[WORK ITEM] Write every line below out again exactly, images omitted.

DATA SHOWN section start

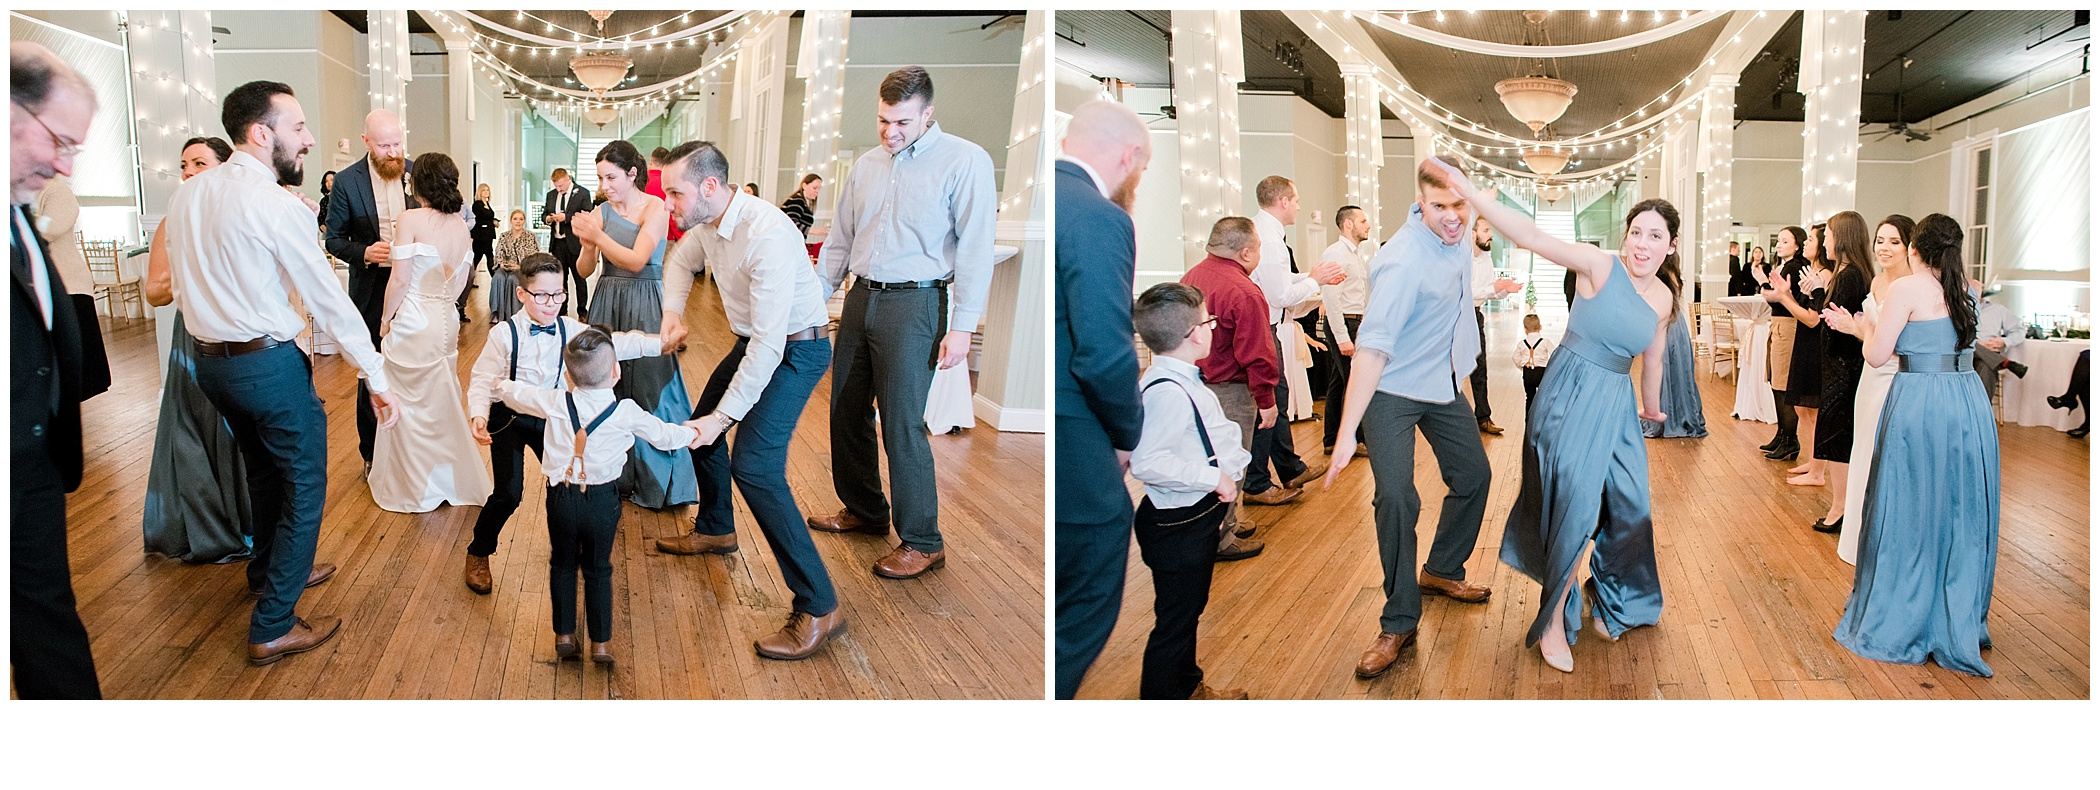 Virginia Wedding Photographer_6401.jpg
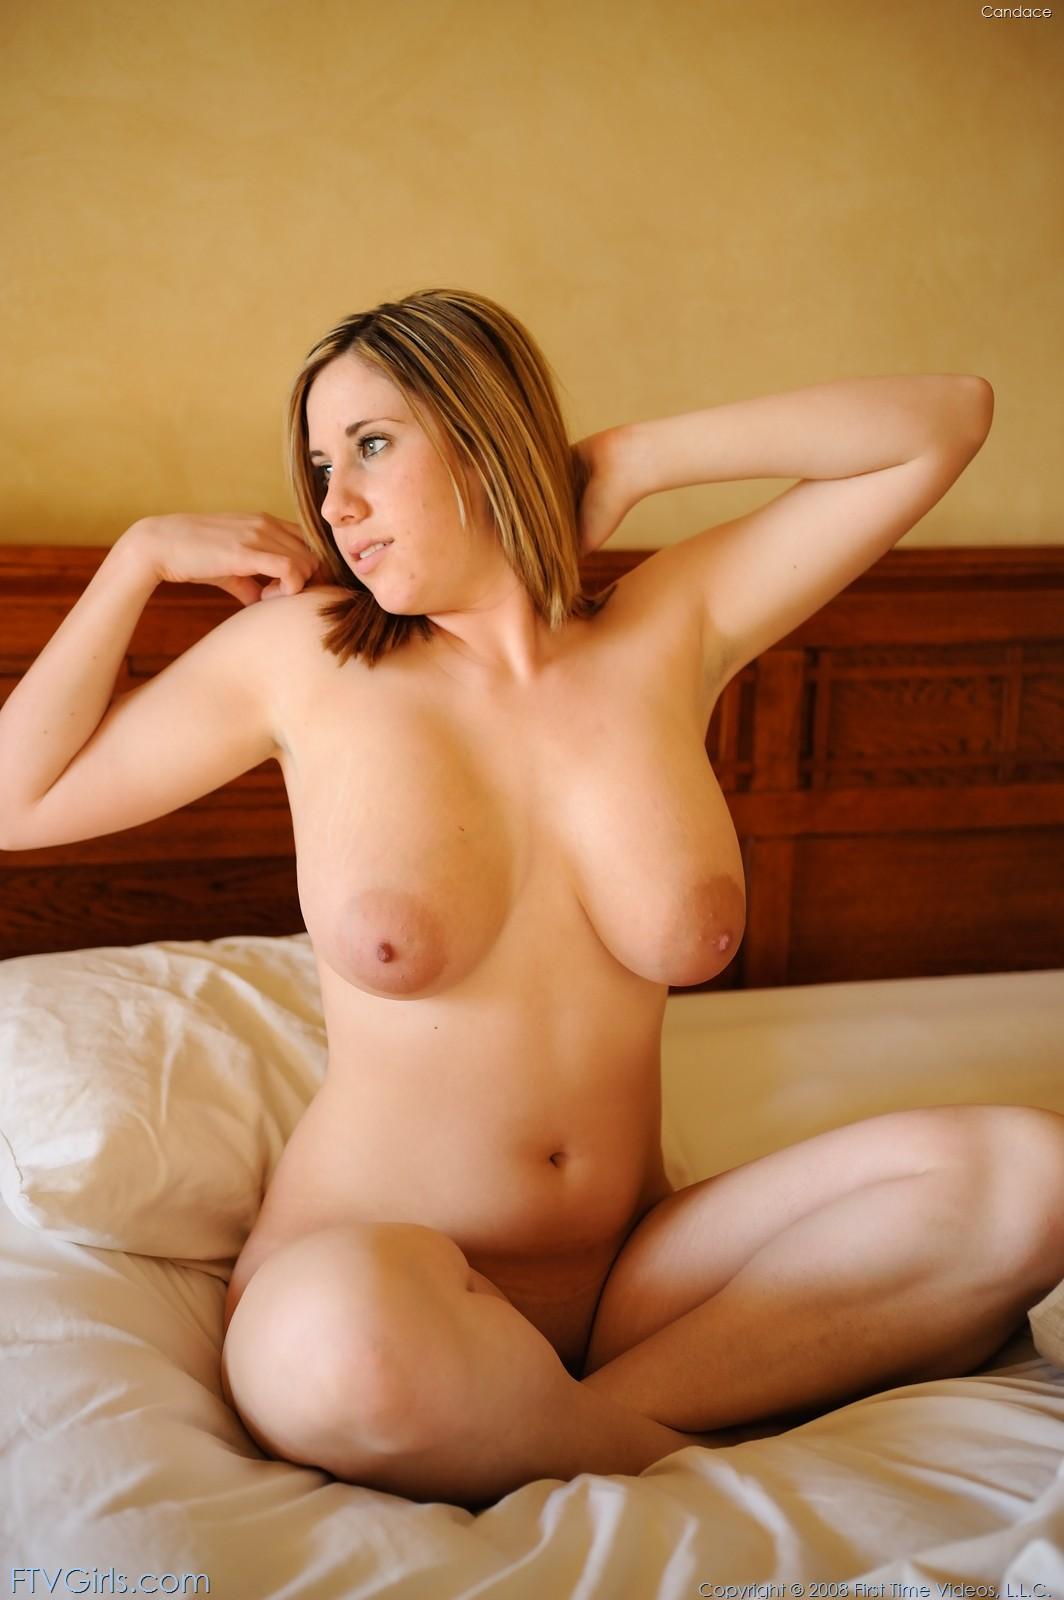 Amber easton nude videos
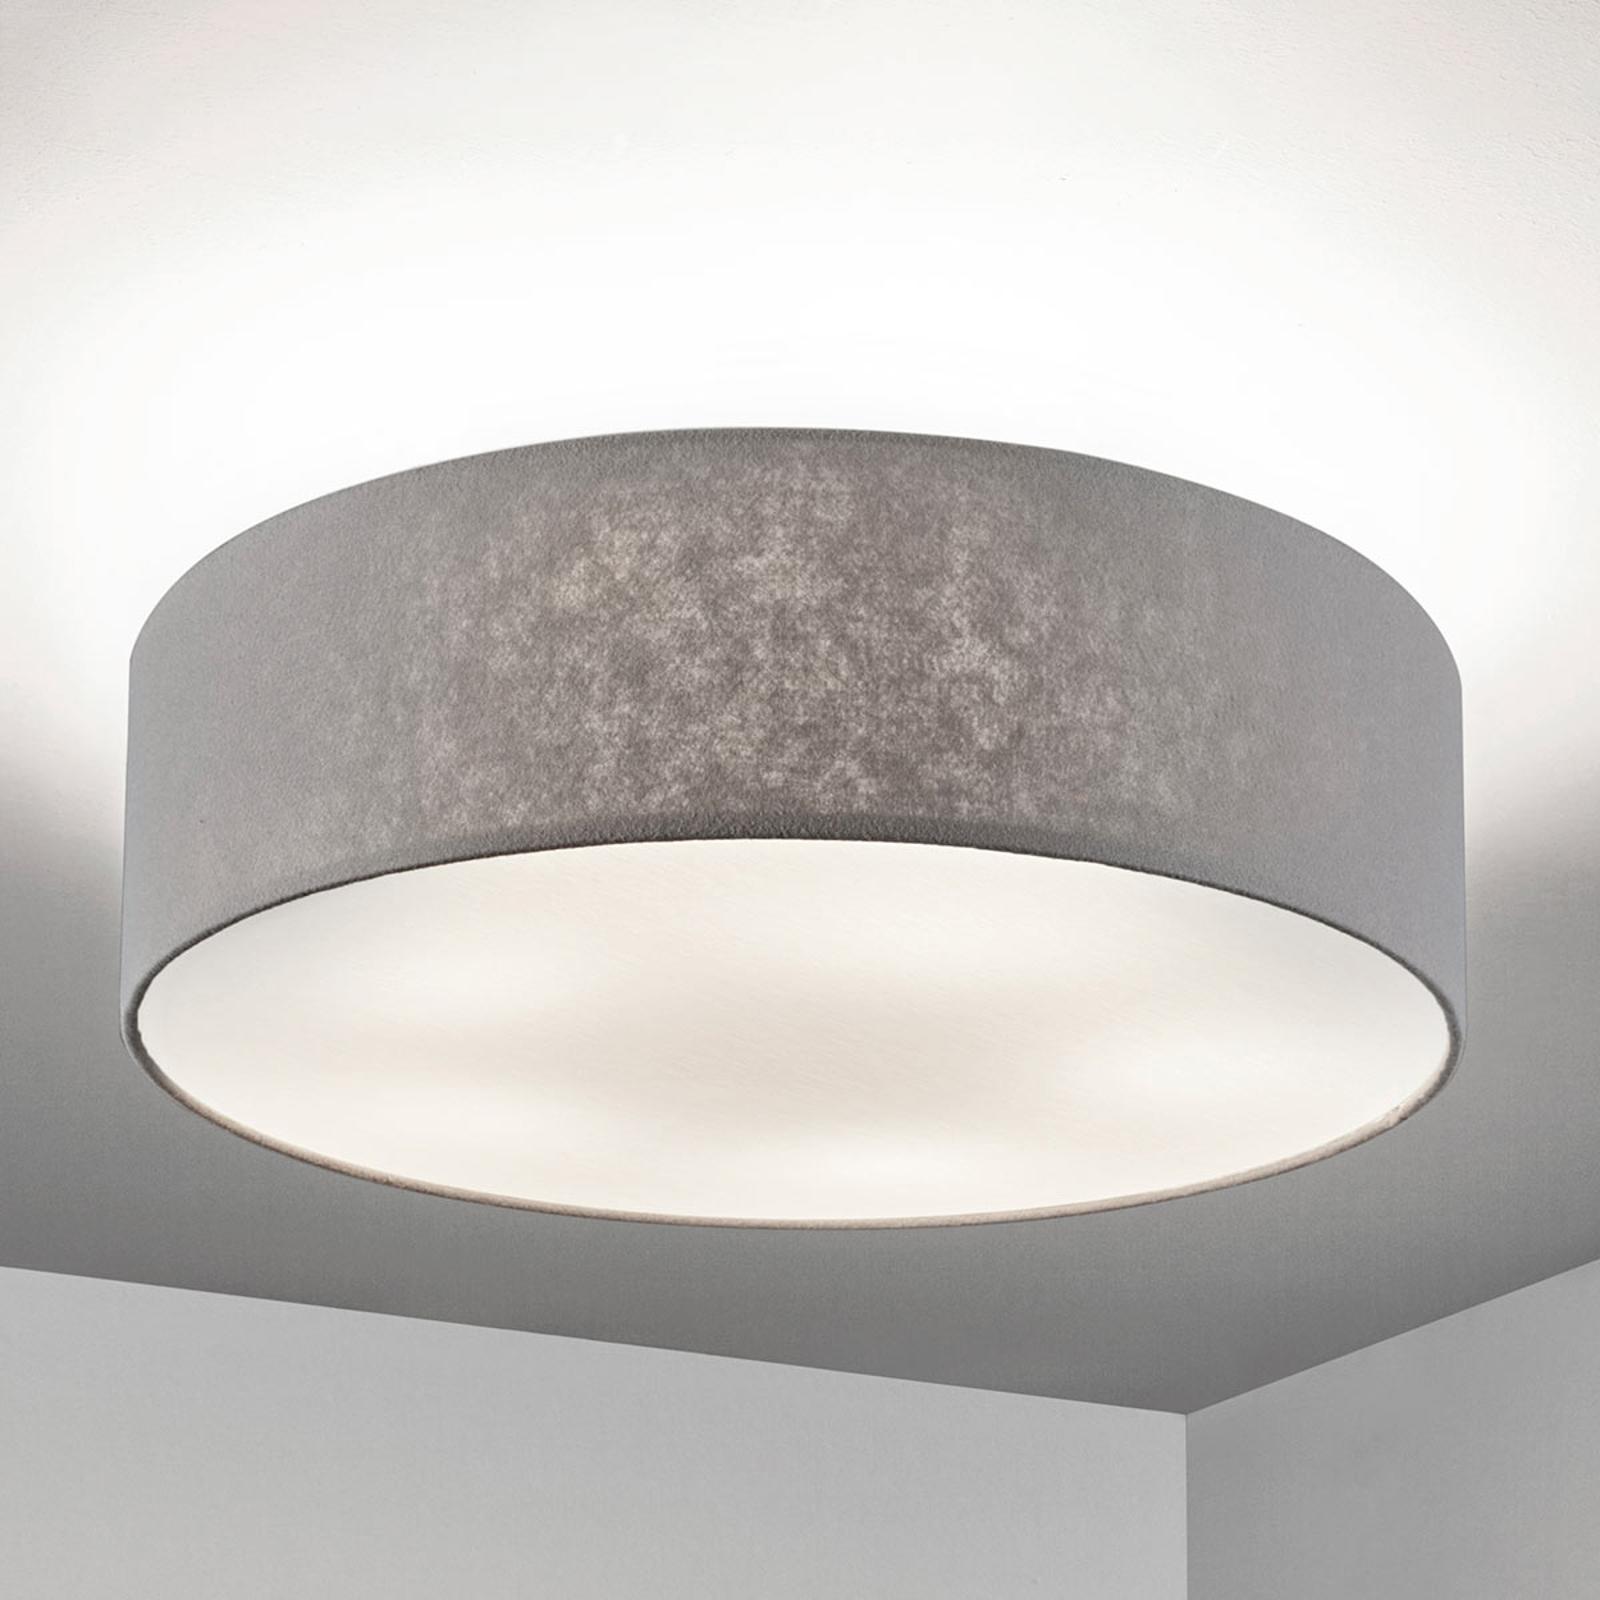 Taklampe Gala, 60 cm, filtskjerm grå

DATA SHOWN section end

[REPLY TO THE EXERCISE]
 Virginia Wedding Photographer_6401.jpg
 Amber easton nude videos
 Taklampe Gala, 60 cm, filtskjerm grå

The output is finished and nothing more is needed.